Defining the Hydrophobic and Electrostatic Interactions between CYP3A and CYPb5 (2015-2016)
The project seeks to understand of how protein-protein interactions act to regulate CYP-mediated metabolism.These results will further our understanding of the role protein-protein interactions play in modulating a basic biological process, supporting fundamental knowledge about the nature and behavior of living systems.
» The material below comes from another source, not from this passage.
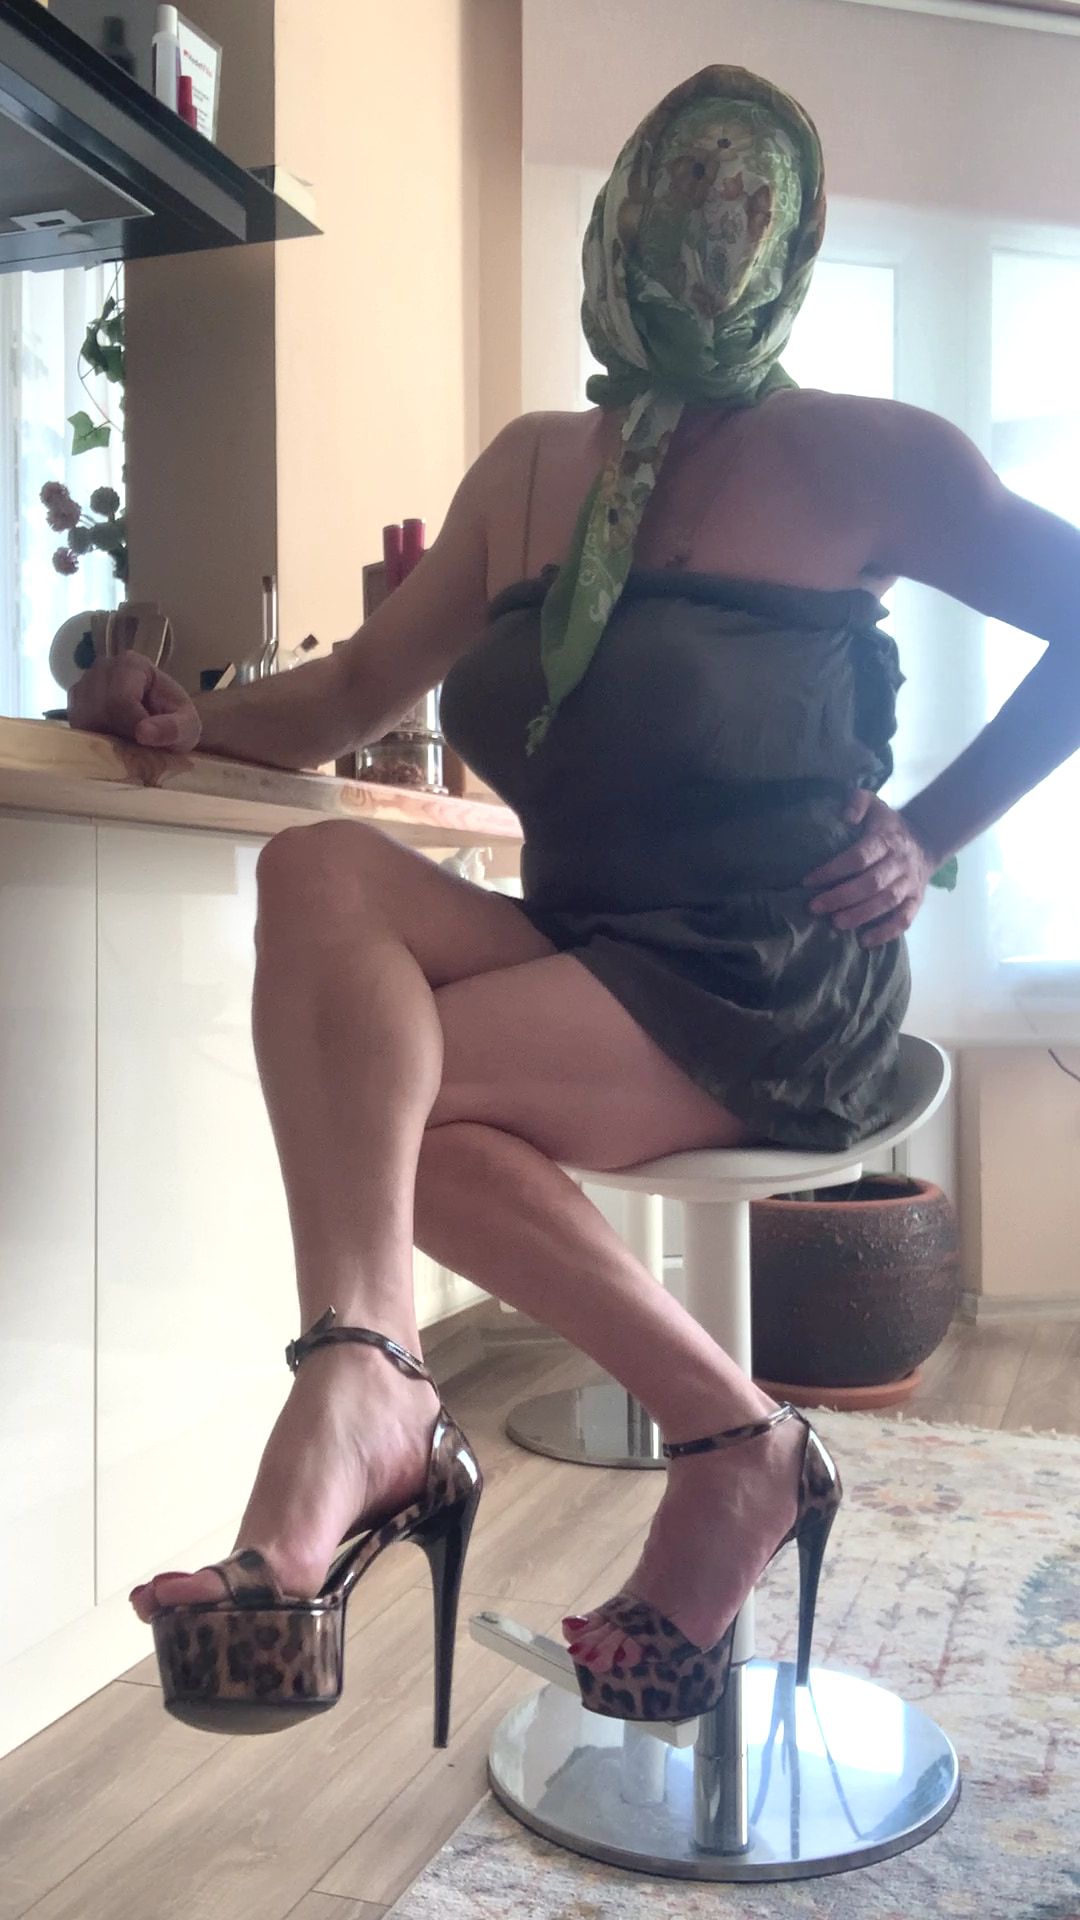  My stepmom is so horny, her husband doesn't fuck her
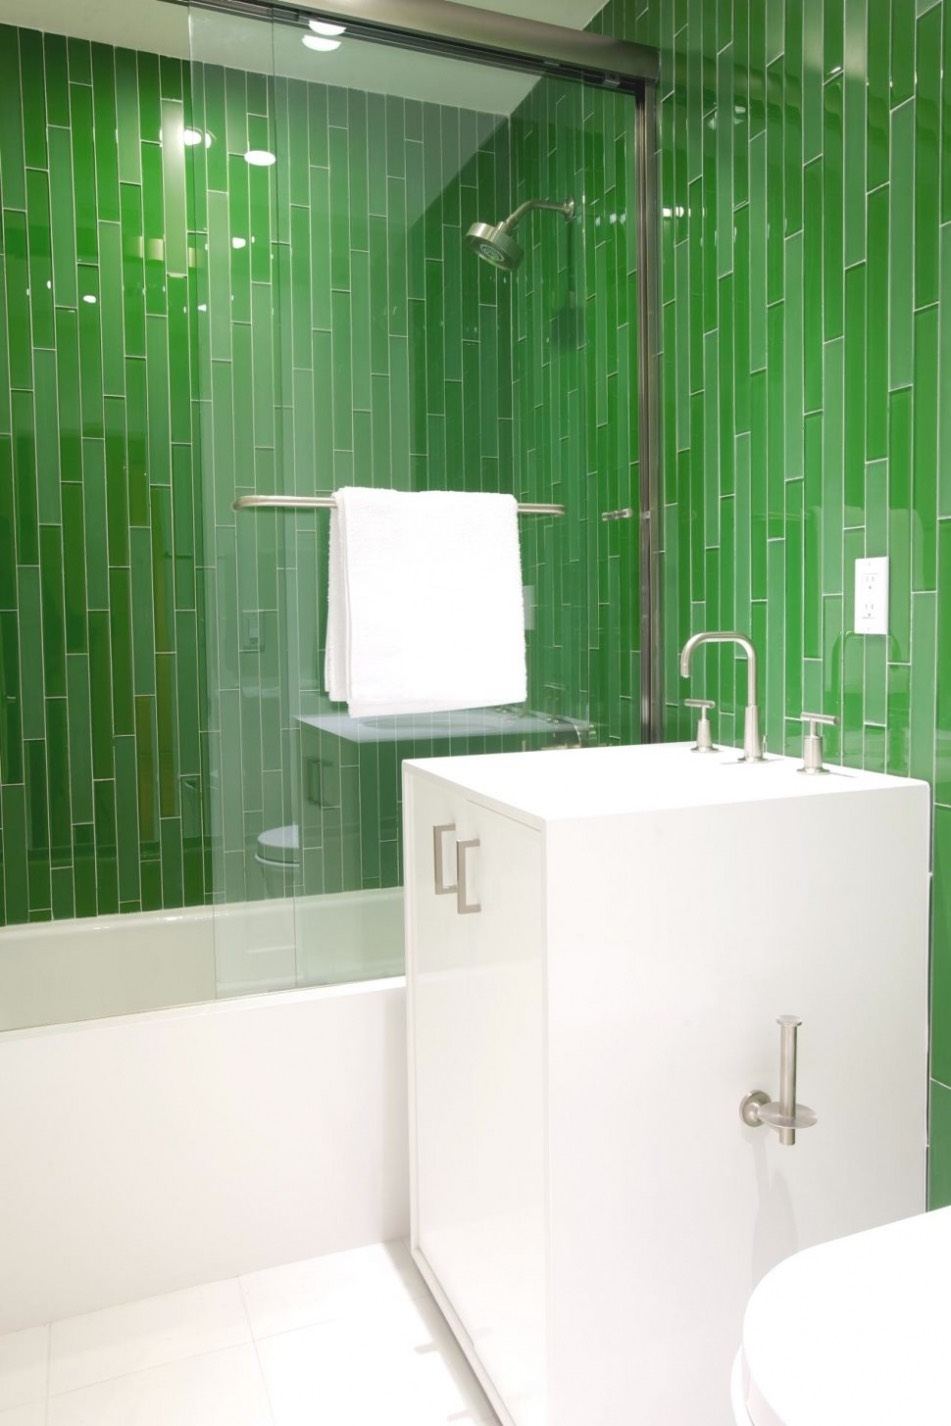 Long, thin green tiles in a vertical pattern around a white bathtub and vanity

Protein-protein interactions are essential to the function of cytochrome P450 (CYP) monooxygenases, yet the details of these interactions are difficult to ascertain due to their transient nature. An example of this is the interaction between the CYP enzyme superfamily and cytochrome b5 (b5), a 17 kDa heme containing protein. Cytochrome b5 can stimulate, inhibit, or have no effect on CYP-mediated metabolism, depending on the specific substrate-CYP pair under consideration. For example, b5 modulates the metabolism of many CYP3A4 substrates, but does not known alter the metabolic profile of many CYP3A7 substrates, despite the high degree of sequence identity (87%) between CYP3A4 and CYP3A7. The objective of this application is to characterize the molecular interactions of b5 with two distinct CYP3A isoforms: CYP3A4 and CYP3A7, using the unnatural amino acid, 13C-p-cyanophenylalaine as an intrinsic spectral reporter. Our hypothesis is that hydrophobic interactions between b5 and the individual CYP3A isoforms mediate the differences in functional activity previously observed between CYP3A4 and CYP3A7. To test our hypothesis, we propose the following specific aim:
Specific Aim 1: Quantify the relative contribution of hydrophobic and electrostatic forces to the interactions between cytochrome b5 and CYP3A enzyme in both the CYP3A4-b5 and CYP3A7-b5 complexes utilizing fluorescence, FTIR, and NMR with the unnatural amino acid 13C-p-cyanophenylalanine as a reporter.
Upon completion of this specific aim, we expect to have quantified the molecular forces involved in the interactions between the b5-CYP3A4 and b5-CYP3A7 complexes. This knowledge will give us a fundamental understanding of how these proteins interact in concert to regulate CYP-mediated metabolism of both endogenous and xenobiotic substrates.